Tuesday, February 5, 2008

Communicating With Your Professors

What to ask when the assignment doesn’t speak for itself

By Travis Willmore

Say you have a paper due for class. Any class. You’ve read the assignment repeatedly, you’ve dissected the professor’s verbal instructions word by word, and you still wish you had a clearer picture of what’s expected. That’s when it pays to make use of your professor’s office hours. Instructors make it easy to do this—they mention right on the syllabus when they’re available, and they make it a point to be extra helpful to students who have the initiative to seek them out. Their services are also easily accessible by email or phone, generally listed on the syllabus as well.

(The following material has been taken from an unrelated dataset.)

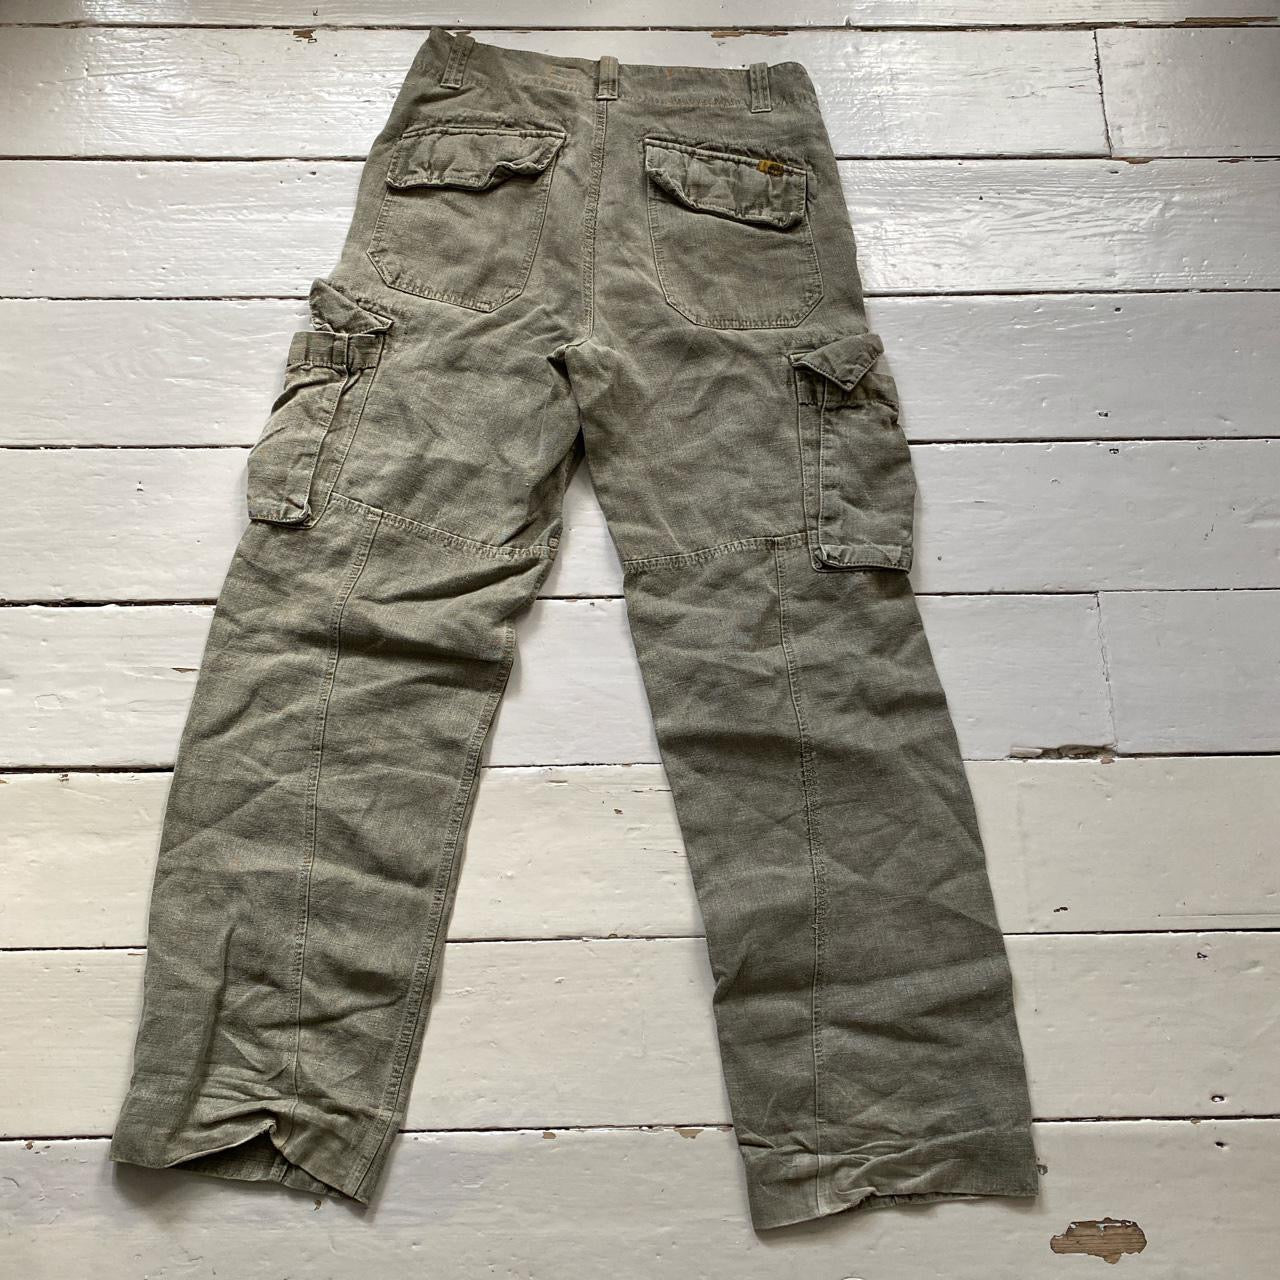 Timberland Olive Green Cargo Trousers (30/32)

When is it best to take advantage of these services? Just about any time, especially if you need clarification on any of the following issues about your paper:

Should your paper prove a point or just convey information? If you’re writing about a controversial issue, should you simply present the various points the view or should you choose one and try to support it?

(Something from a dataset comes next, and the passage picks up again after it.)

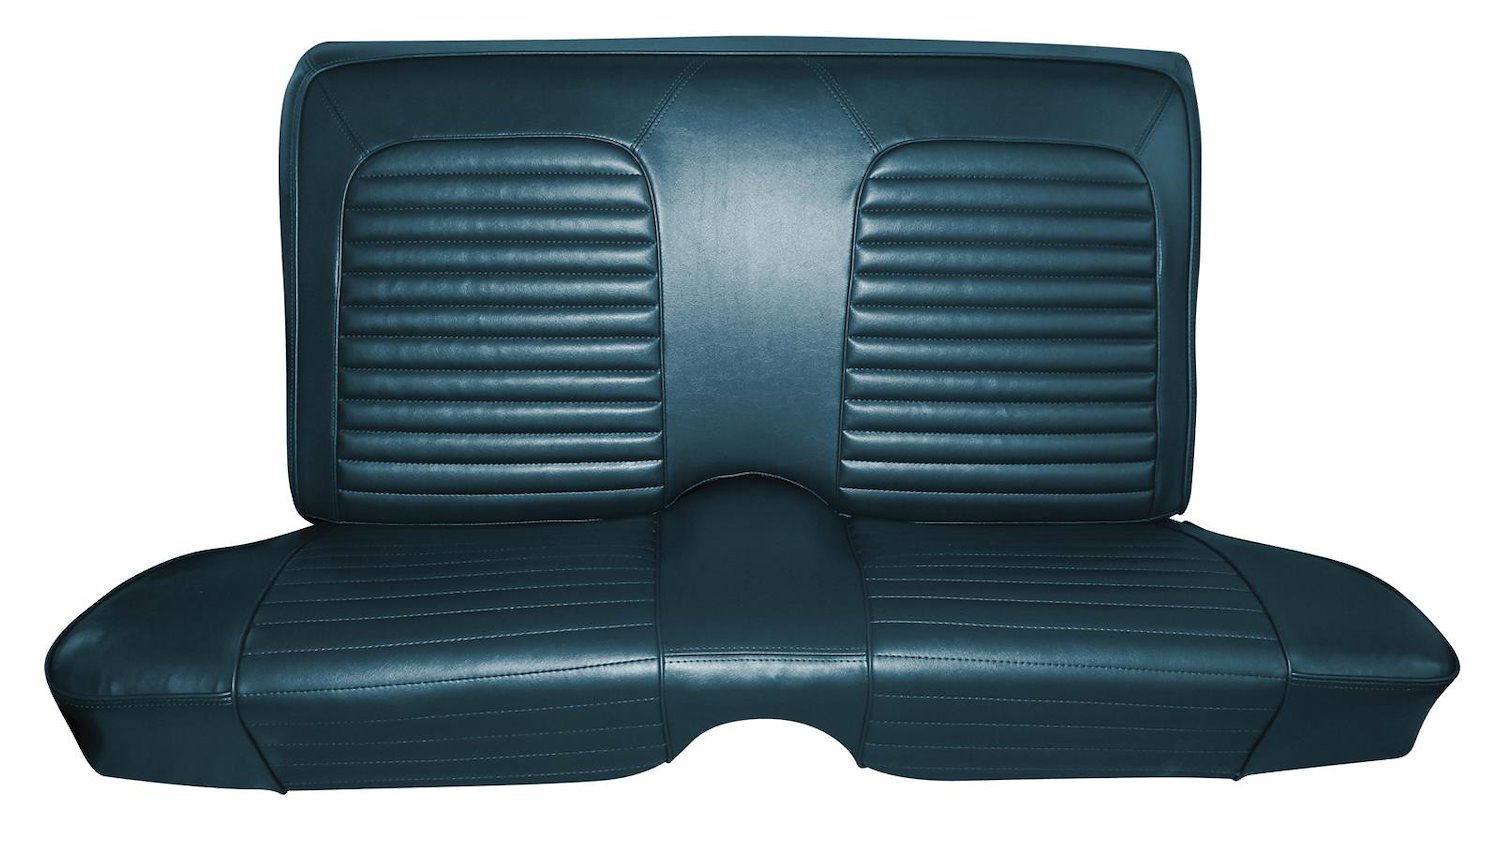 1970 Chevrolet Chevelle Malibu and Super Sport Convertible Interior Rear Bench Seat Upholstery Set

Should the paper make direct use of outside sources? Is there a best way to cite them? Different academic fields have different standards for this. Your instructor can tell you if there are citation standards specific to your field, and where to find guidelines on them.

Some professors give more specific directions on formatting than others. If they don’t indicate a preference for double- or single-spacing, this might be a good thing to ask about—so you know whether the four-page paper you’ve been assigned needs to be the length you thought, or twice as long. An instructor’s preferences on font sizes and page margins also play a big role in determining just how long that “four-page paper” actually has to be.